Starting January 20, we are offering this seminar as a 3-day synchronous*, remote workshop for the first time. Each day will consist of a 4-hour live lecture held via the free video-conferencing software Zoom. You are encouraged to join the lecture live, but will have the opportunity to view the recorded session later in the day if you are unable to attend at the scheduled time.

Each day will include a hands-on exercise to be completed on your own after the lecture session is over. An additional lab session will be held Thursday and Friday afternoons, where you can review the exercise results with the instructor and ask any questions.

*We understand that scheduling is difficult during this unpredictable time. If you prefer, you may take all or part of the course asynchronously. The video recordings will be made available within 24 hours of each session and will be accessible for four weeks after the seminar, meaning that you will get all of the class content and discussions even if you cannot participate synchronously.

Closed captioning is available for all live and recorded sessions.


Regression is the primary tool that econometricians use to evaluate data. We’ll be going over how regression is used in econometrics, including the many ways econometricians grapple with the parts of the world we don’t understand yet – error terms. Identification is how econometricians link theory (economic theory or otherwise) to data, and determine not just the difference between correlation and causation, but more broadly whether our analysis is actually answering the question we want it to.
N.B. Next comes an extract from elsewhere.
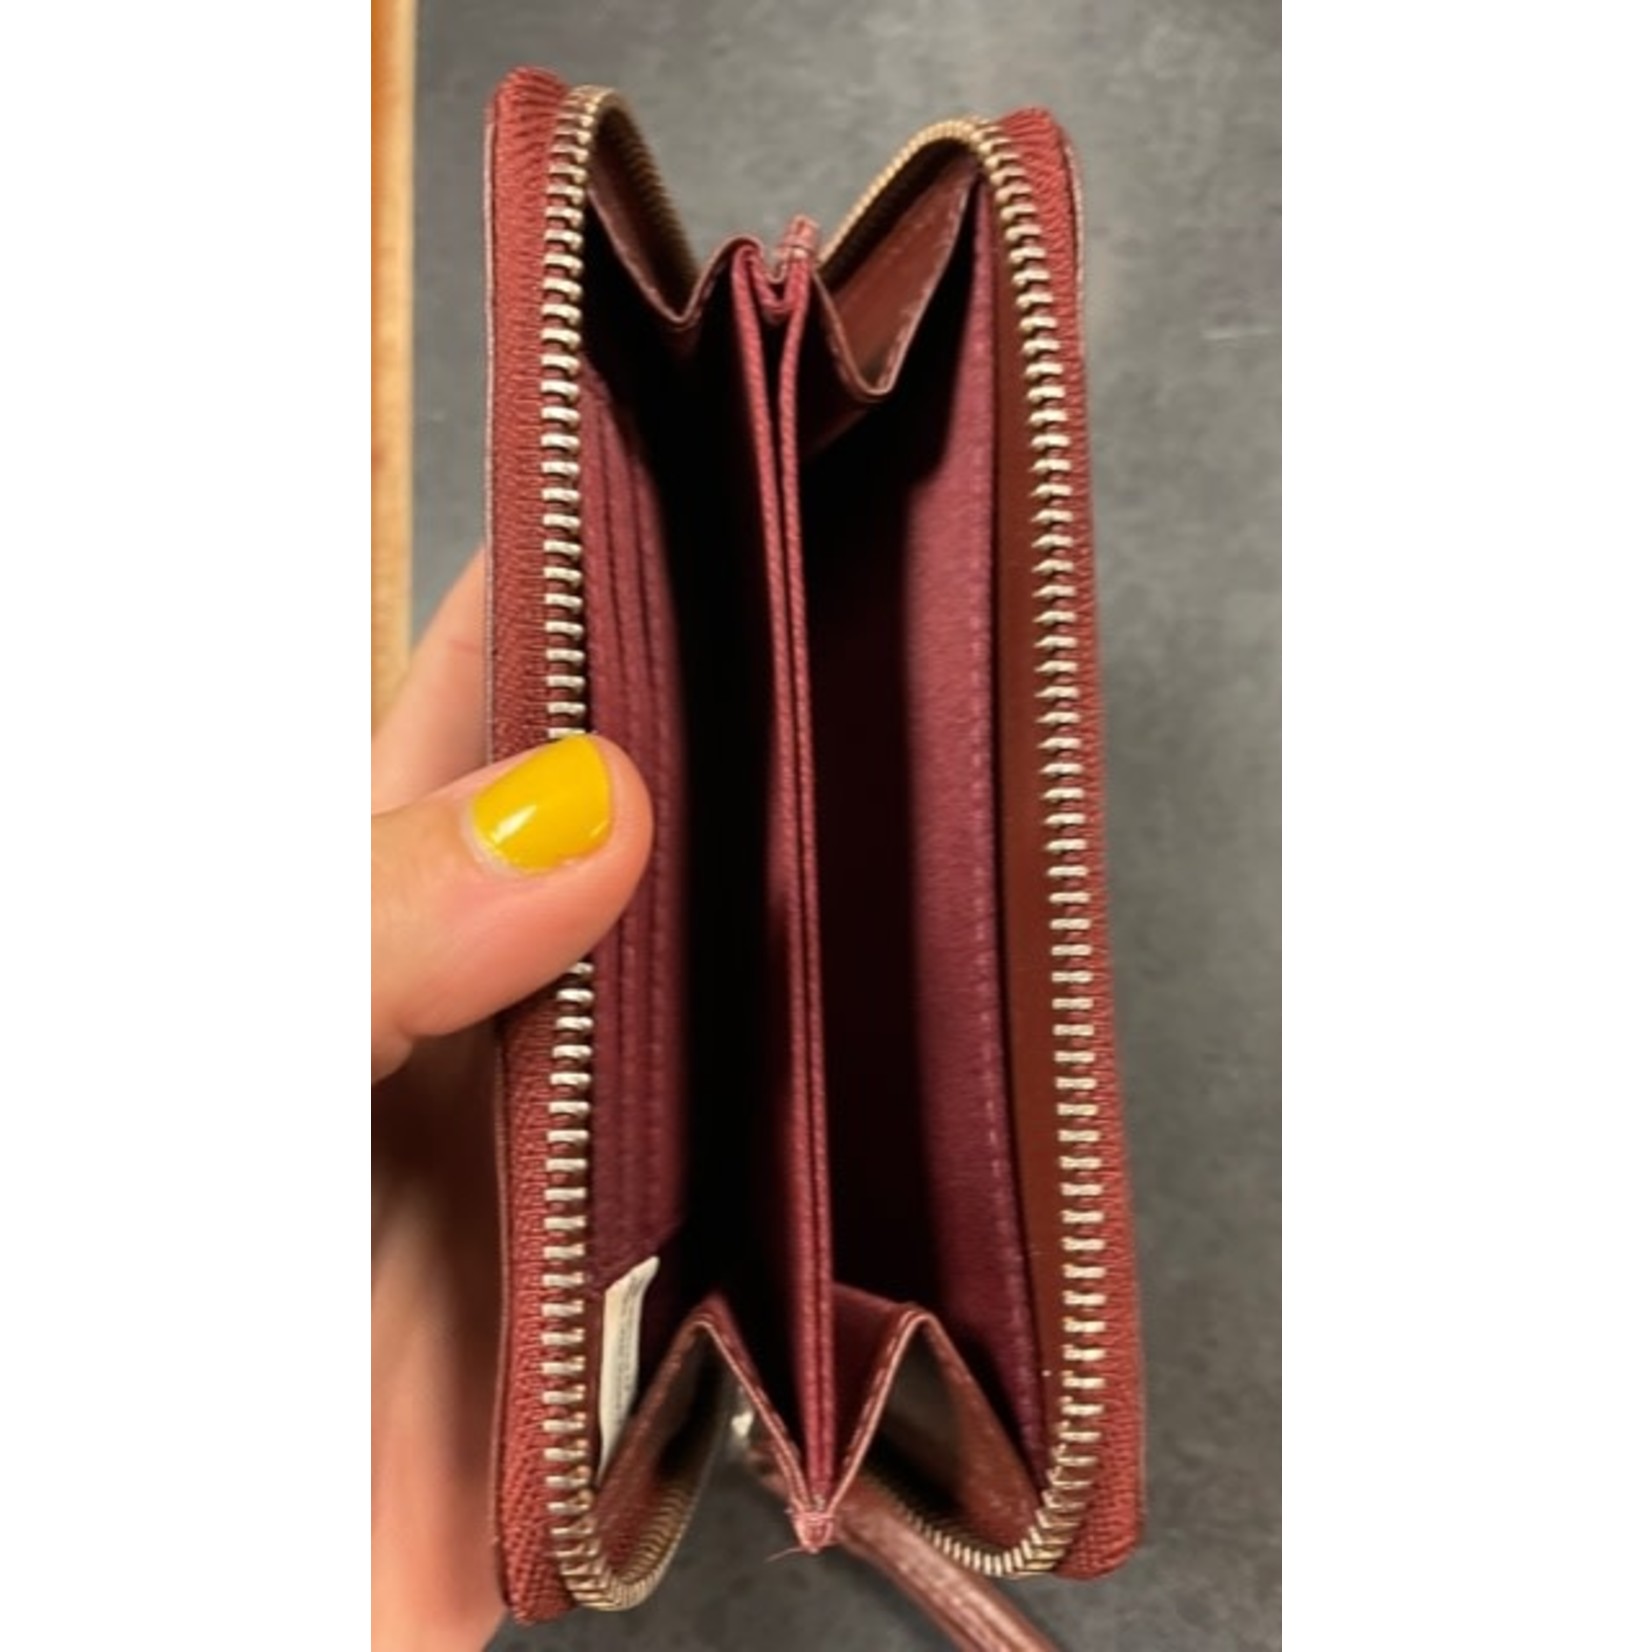 ID Holder clutch/purse/wristlet wallet FINAL SALE CLEARANCE

Identification is a broad idea, but there are a few standard research designs that can help us a lot, and we’ll be covering modern developments in fixed effects, difference-in-differences, regression discontinuity, and instrumental variables.

Specific topics covered will be linear regression, heteroskedasticity-, autocorrelation-, and cluster-robust standard errors, identification, omitted variable bias, directed acyclic graphs, fixed effects, difference-in-differences, regression discontinuity, and instrumental variables. There will also be a brief overlook on how machine learning is likely to change how econometrics is performed.

We will be focusing on the R programming language in the lab portions of the class. However, all materials will also be made available in Stata and Python, and assistance will also be available in those languages.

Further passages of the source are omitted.